Da un lato, l’autrice racconta con acume e tatto come la vergogna nata dalla stigmatizzazione della propria diversità possa portare una persona a subire violenze (fisiche e psicologiche) e, soprattutto, a sentirsi colpevole delle violenze subite. Come ci hanno insegnato moltissimi attivisti intersex, infatti, l’idea che l’intersessualità sia qualcosa di cui vergognarsi e che deve essere nascosta ad ogni costo è la cosa che provoca i traumi maggiori: è la stigmatizzazione sociale sulla diversità a creare sofferenze e non la diversità del proprio corpo.

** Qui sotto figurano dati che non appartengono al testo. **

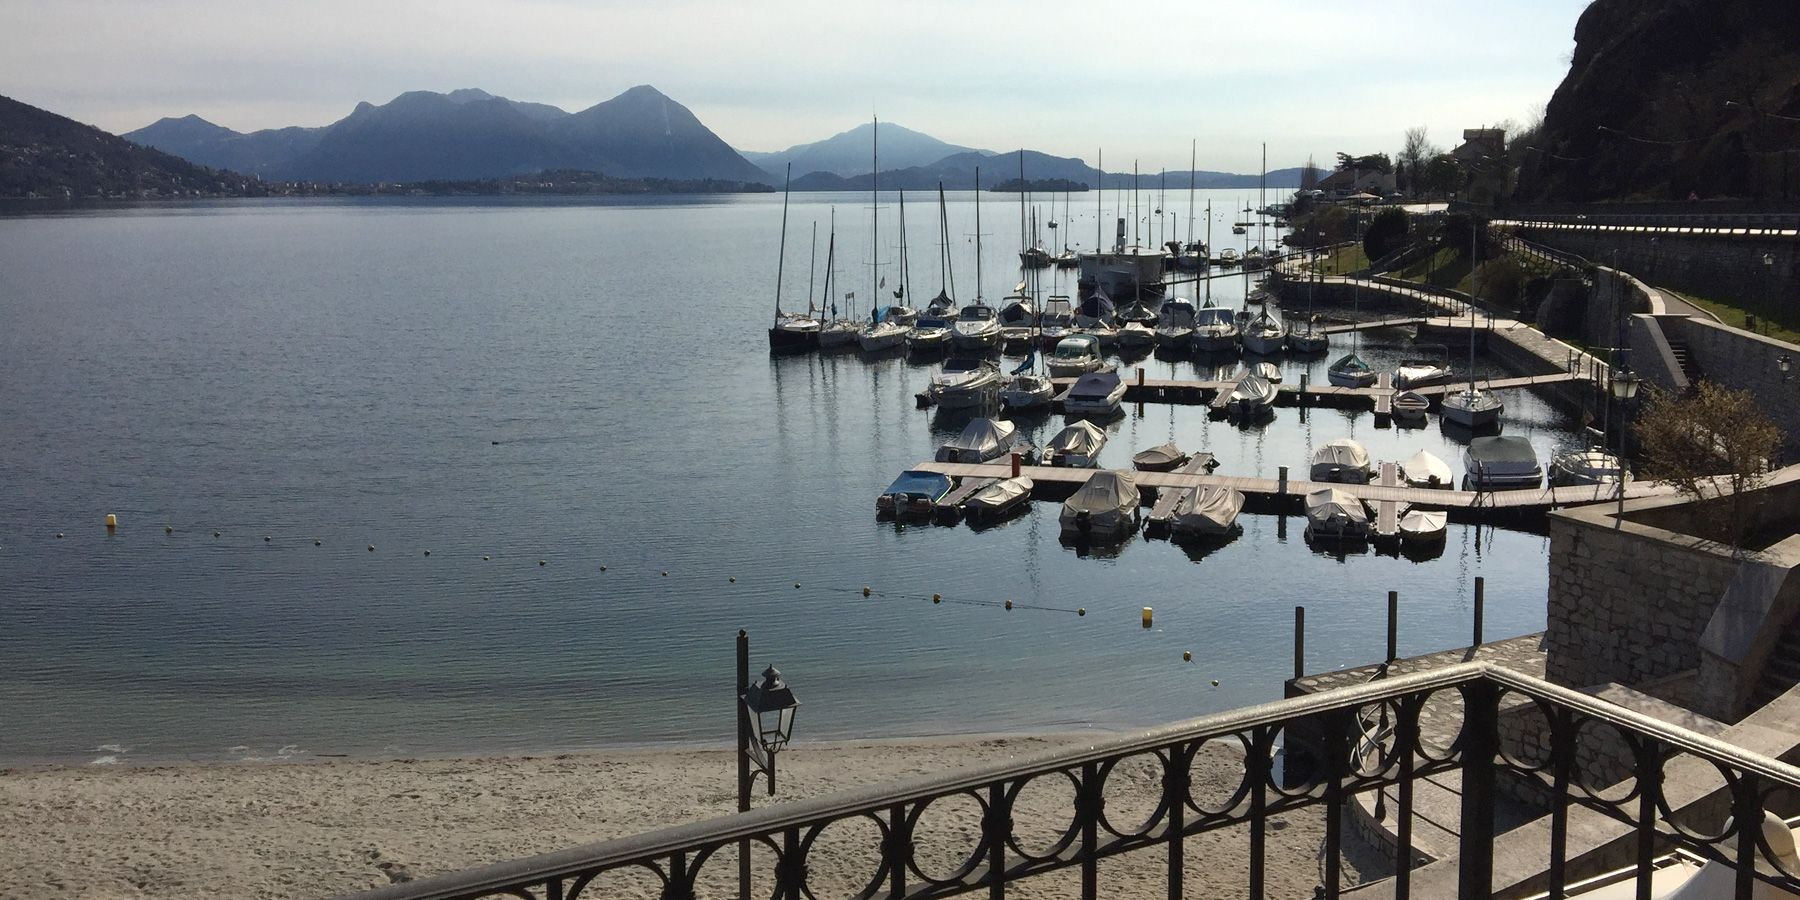 Wohnung kaufen Feriolo an der Seeufer

Dall’altro, però, proprio per la scelta di utilizzare un fatto estremamente drammatico (in questo caso una violenza sessuale) per dare il via al percorso di riflessione su di sé di Max e dei suoi familiari, si corre il rischio di perpetrare degli stereotipi sulle persone intersex, annoverando le loro esperienze di vita sempre e comunque nell’ambito del drammatico senza lasciare spazio per narrazioni meno sensazionali e appetibili dal punto di vista letterario, ma forse più veritiere.
E’ però pregevole che l’autrice racconti le esplorazioni identitarie del protagonista senza necessariamente fare riferimento alla ‘fluidità di genere’ (il cosiddetto ‘continuum’ tra maschile e femminile): in alcuni casi, infatti, la narrativa ha raccontato l’esperienza dell’intersessualità collegandola ad un’attitudine genderqueer ovvero un’identità o un comportamento di genere fluido tra maschile e femminile che invece non corrisponde necessariamente a come si sentono le persone intersex.
In questo senso la letteratura può essere un buon strumento per creare immaginario, rompere il silenzio e sfidare la vergogna attorno all’esperienza dell’intersessualità. Allo stesso modo, però, a fronte di un’esperienza poco conosciuta come quella dell’intersessualità, l’immaginazione letteraria può creare dei fraintendimenti rispetto alle reali esperienze delle persone intersex: questo articolo vuole essere una bussola per orientarsi tra questi due aspetti.